The volume fraction f, the average radius r _p, and the particle energy γ _p of AlN precipitates were estimated as a function of austenitization time and temperature using the precipitation kinetics module of MatCalc. More detailed information on the underlying model can be found in Reference 30. The evolution of the f and r _p at 1193 K (920 °C), 1243 K (970 °C), and 1293 K (1020 °C) are reported in Figure 6. As expected from the thermodynamic calculations, AlN quickly dissolve at temperatures higher than 1203 K (930 °C); they are fully dissolved after 75 and 7 minutes at 1243 K (970 °C) and 1293 K (1020 °C), respectively. At even higher temperatures, namely 1343 K (1070 °C) and 1393 K (1120 °C), AlN particles are dissolving during the first seconds of austenitization, and are thus not represented in Figure 6. The interfacial energy γ _p is not time dependent; however, it slightly changes with temperature, from 0.47 to 0.49 J m⁻² at 1193 K (920 °C) and 1293 K (1020 °C), respectively.

Fig. 6

Evolution with time and temperature of the volume fraction and average particle radius of AlN particles as predicted by thermokinetic calculations

AlN particles are assumed to be cuboid shaped[31]; therefore, the parameter k _r varies between 0.5 and 4.5 with an average value of 3 depending on the orientation of the particles with respect to the grain boundary and their coherency with both the shrinking and the growing grains, based on geometrical considerations made on Reference 32. A parametric study on the influence of the parameter k _r was made and led to qualitatively similar results; thus, the average value of 3 for this parameter was chosen for further calculations.

4.1.4 Solute drag

Solute element atoms can segregate from the bulk lattice to the grain boundary where they can be better accommodated.

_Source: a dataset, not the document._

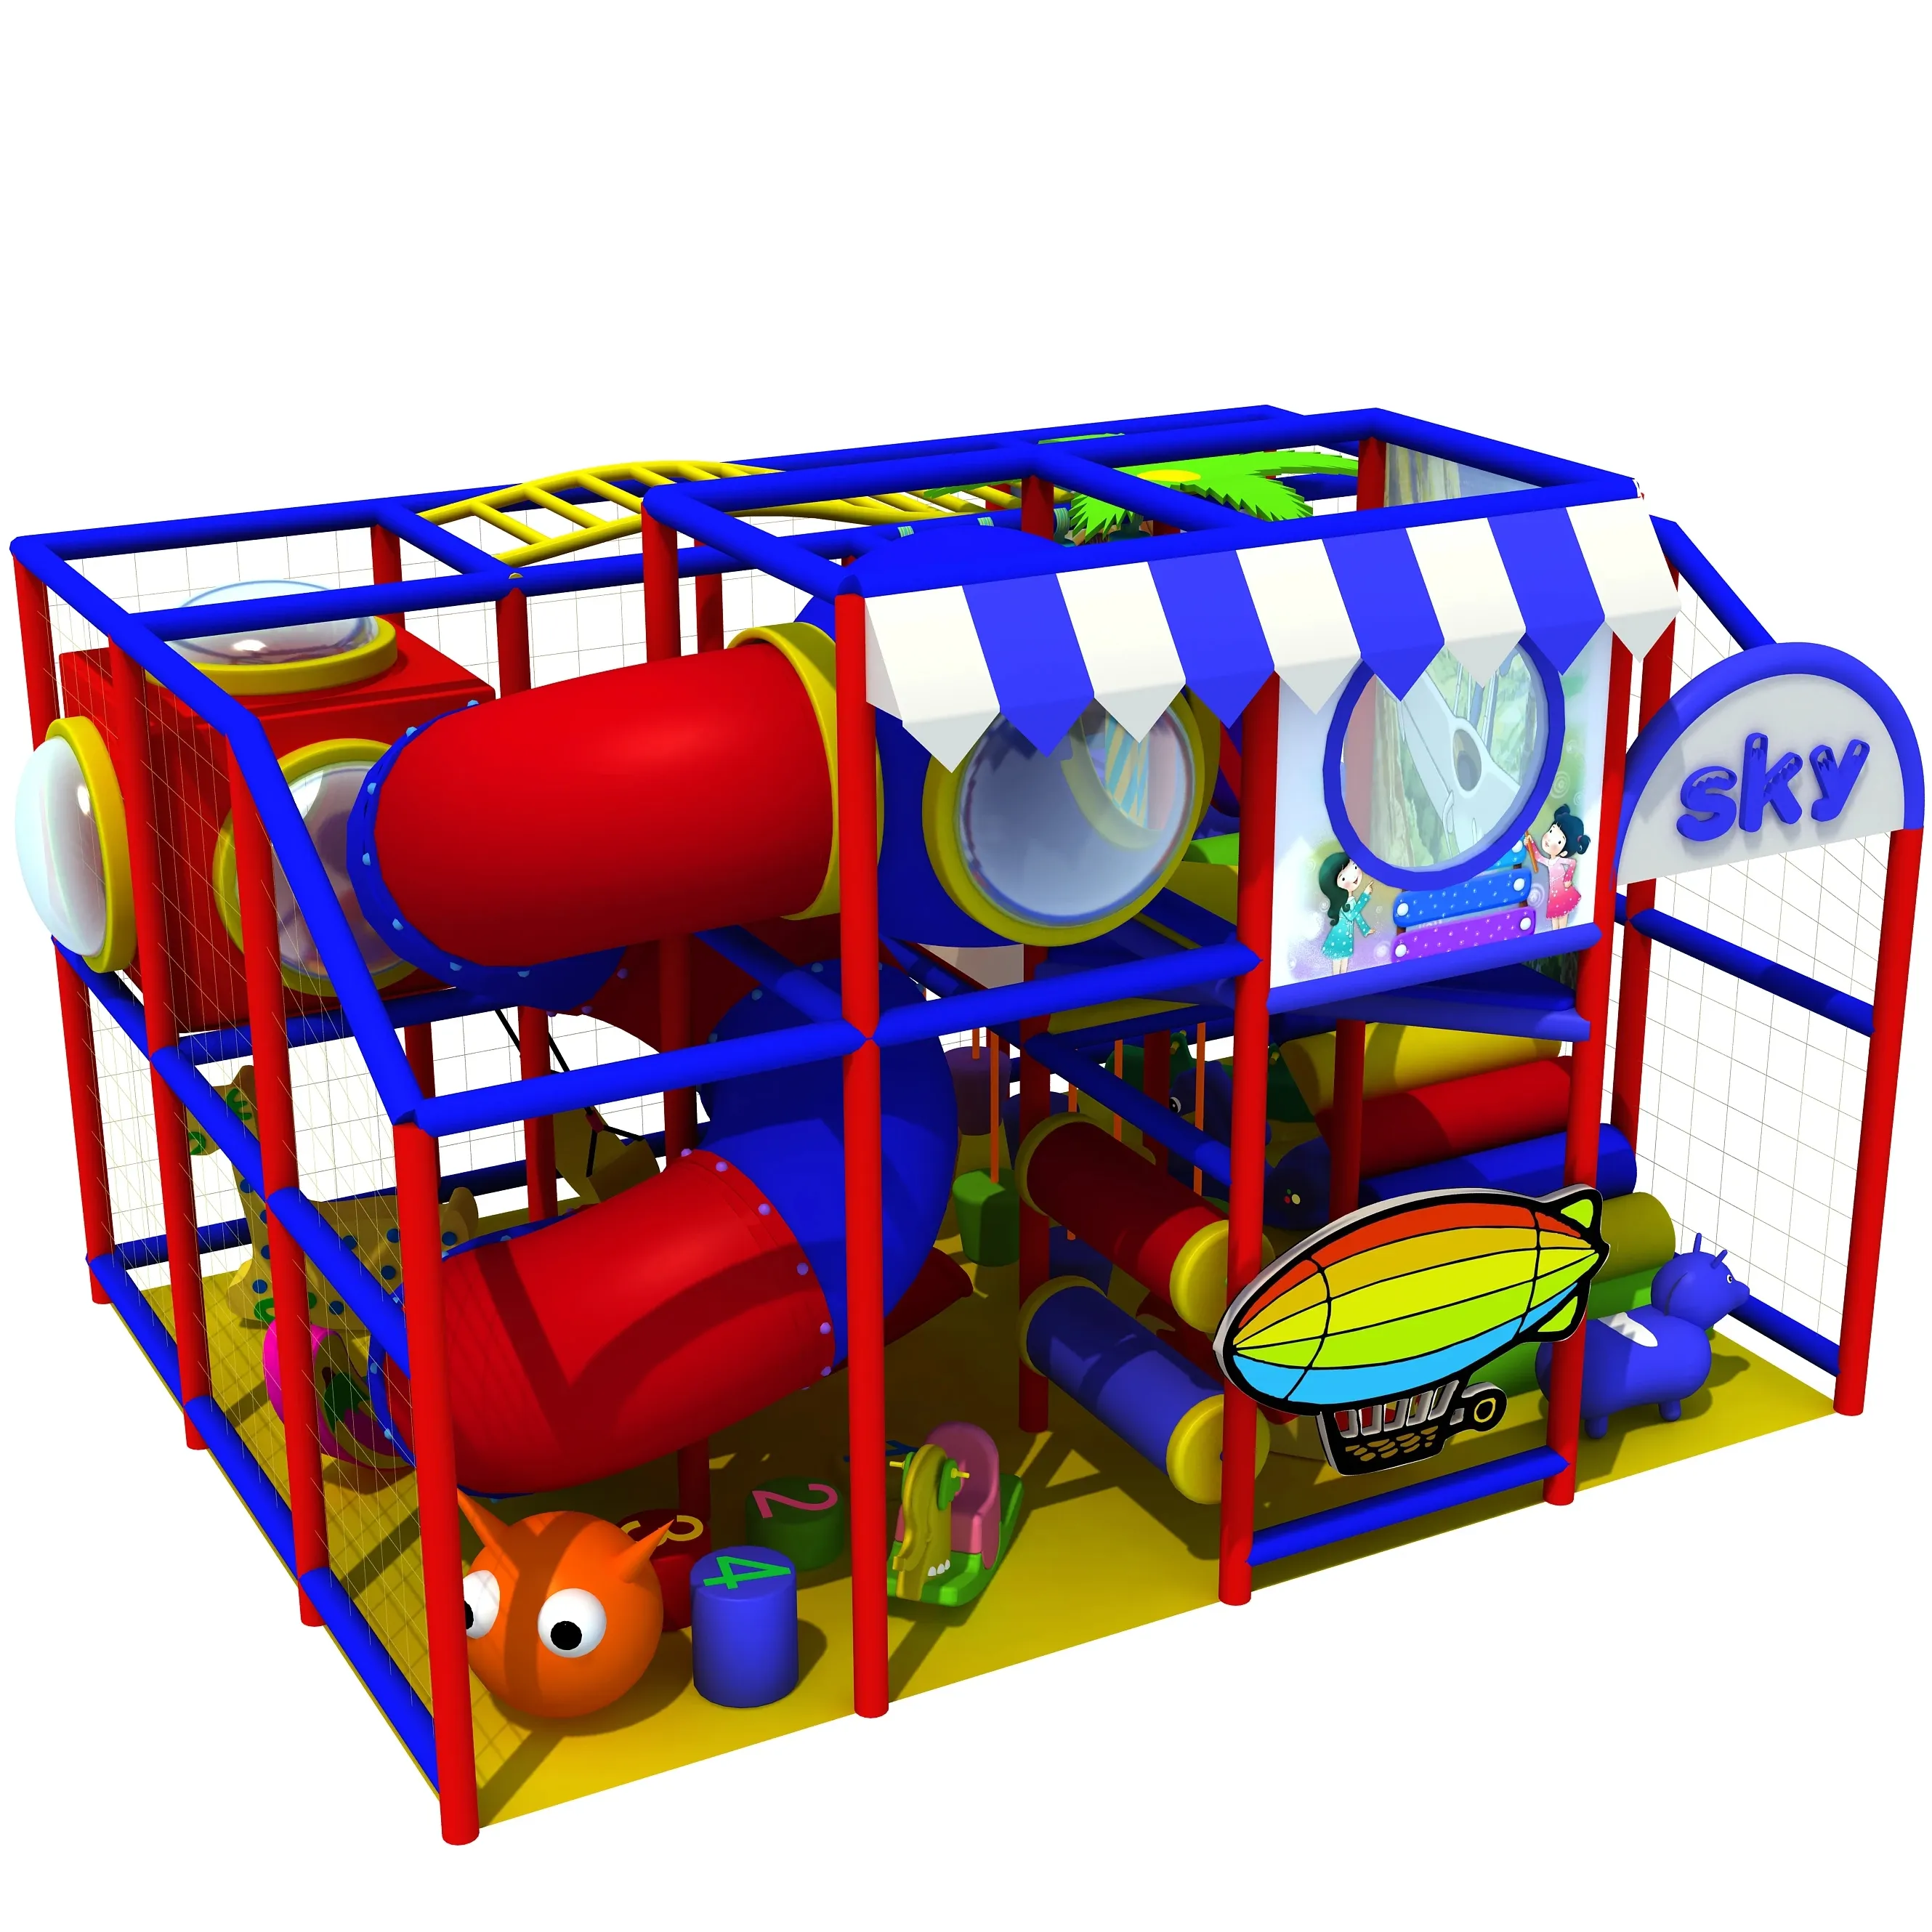 Swing Playground Children Funny Indoor School For Sale Innovative Commercial Ball Pool Slide Toy Car Hot Small Cheap
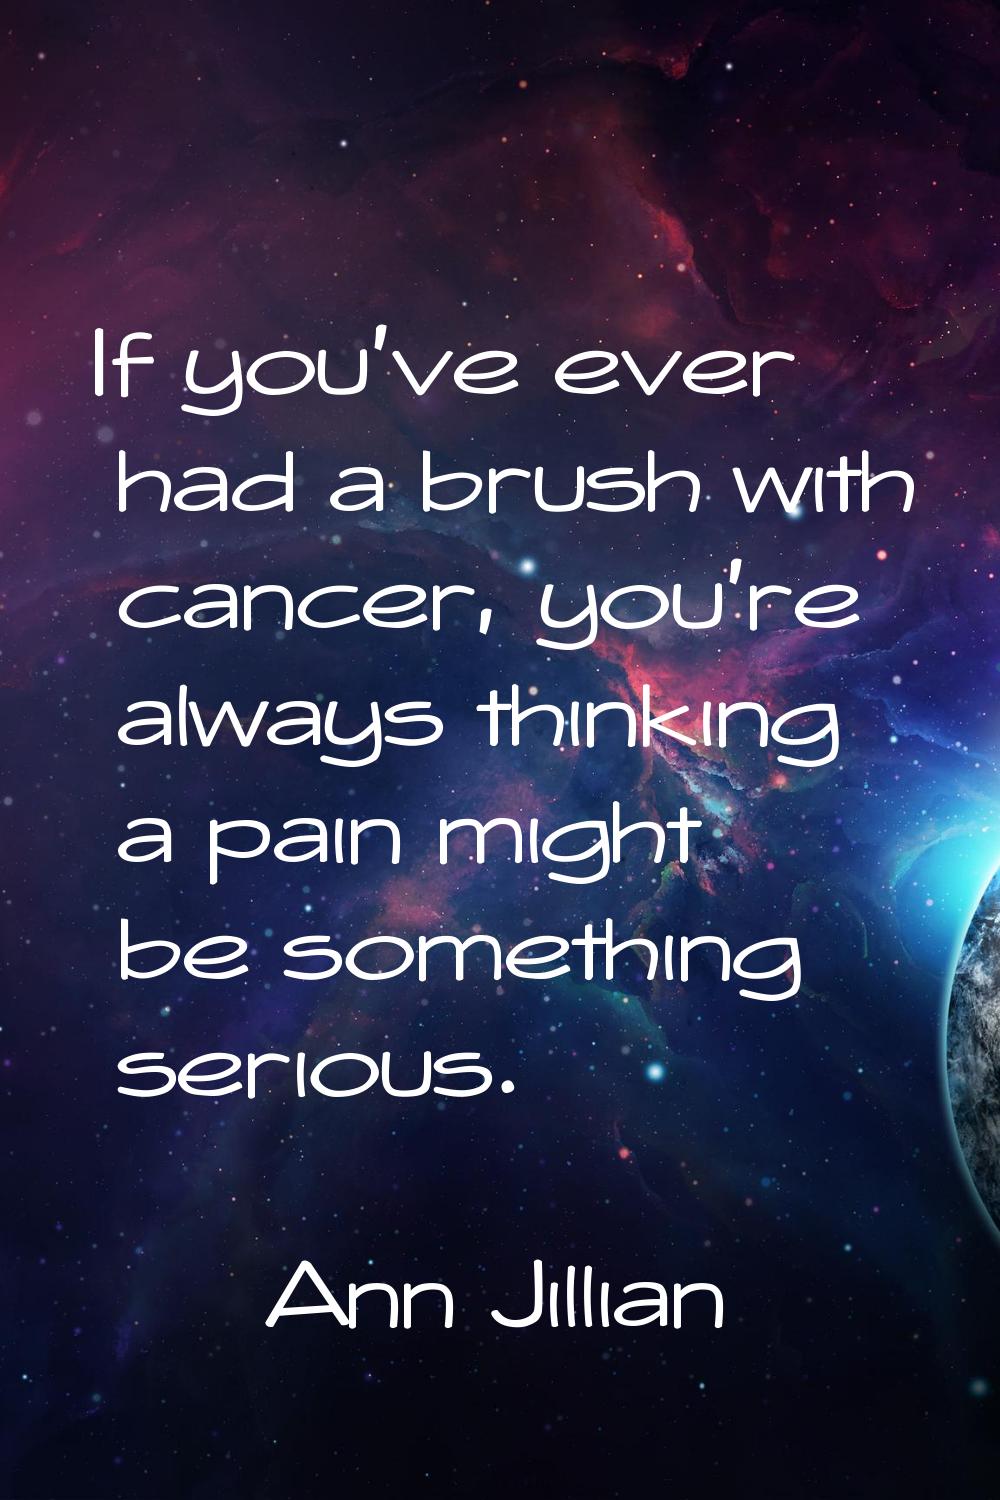 If you've ever had a brush with cancer, you're always thinking a pain might be something serious.

In the case of a moving boundary, segregated solute atoms may be dragged along and the grain boundary migration rate can be limited by the diffusivity of these dragged solute atoms. The pressure induced by the solute drag depends on the boundary velocity. For low values of velocity, the dragging pressure increases proportionally with the velocity, due to the increasing concentration of solute atoms at the boundary, and reaches a maximal pressure for a critical velocity. For higher velocities, solute atoms find it more and more difficult to keep pace with the migrating boundary, resulting in their desorption from the grain boundary. The dragging pressure thus starts to decrease and then finally vanishes when no more solute atoms are segregating at the moving grain boundary. Cahn[33] approximated the following expression of the solute drag pressure, P _drag:

$$ P_{\text{drag}} = \frac{{C_{0} \alpha v}}{{1 + \beta^{2} v^{2} }}, $$

(6)

where C ₀ is the bulk concentration of solute atoms, α and β are parameters which depend on the number of atoms per unit volume, given as N _v = 4/a ³, where a is the lattice parameter assuming a fcc crystal structure, on the binding energy profile between the solute atom and the boundary E(z), where z is the distance to the boundary, on the solute element diffusion coefficient profile X(z), on the Boltzmann constant k and on temperature. Assuming (i) that X is constant across a grain boundary of thickness δ and (ii) a triangular profile for E(z) with a minimal value −E ₀ for z = 0 and a zero value for z ≤ −δ/2 and for z ≥ +δ/2, α and β are given by the following equations¹:

$$ \alpha = \frac{{N_{\text{v}} (kT)^{2} \delta }}{{E_{0} X}}\left( {\sinh \left( {\frac{{E_{0} }}{kT}} \right) - \frac{{E_{0} }}{kT}} \right), $$

(7)

$$ \beta^{2} = \frac{\alpha kT\delta }{{2N_{\text{v}} E_{0}^{2} X}}. $$

(8)

In order to represent the effects of E ₀ and X on the dragging pressure for the considered profile, let us assume that C ₀ = 0.1 at. pct, a = 0.36 nm, δ = 0.5 nm, and T = 1273 K (1000 °C). Figure 7 shows the dragging pressure as a function of the grain boundary velocity when varying the binding energy E ₀ and the diffusion coefficient X. Increasing the binding energy leads to an increase in the maximal dragging pressure, while increasing the solute diffusivity shifts the critical velocity toward higher values. In other words, solute atoms induce more dragging when they are well accommodated in the boundary, and the boundary needs to move faster to break free from solute atoms when their diffusivity in the grain lattice close to this grain boundary is higher.

Fig. 7

Effect of the binding energy −E ₀ (in eV) and of the diffusion coefficient X on the dragging pressure as a function of the grain boundary velocity

Molybdenum is commonly seen as an element that can induce solute drag[34] due to its large atomic mismatch with the austenite matrix, and is known for segregating at austenite grain boundaries.[35,36,37] In 2.25Cr-1Mo steels, an average concentration of 2 at. pct Mo was measured at the prior austenite grain boundaries after austenitization at 1423 K (1150 °C) for 2 hours followed by water quench.[38] While the authors supposed that a large amount of this segregation occurred upon quenching, at least some of this molybdenum may have segregated during austenitization.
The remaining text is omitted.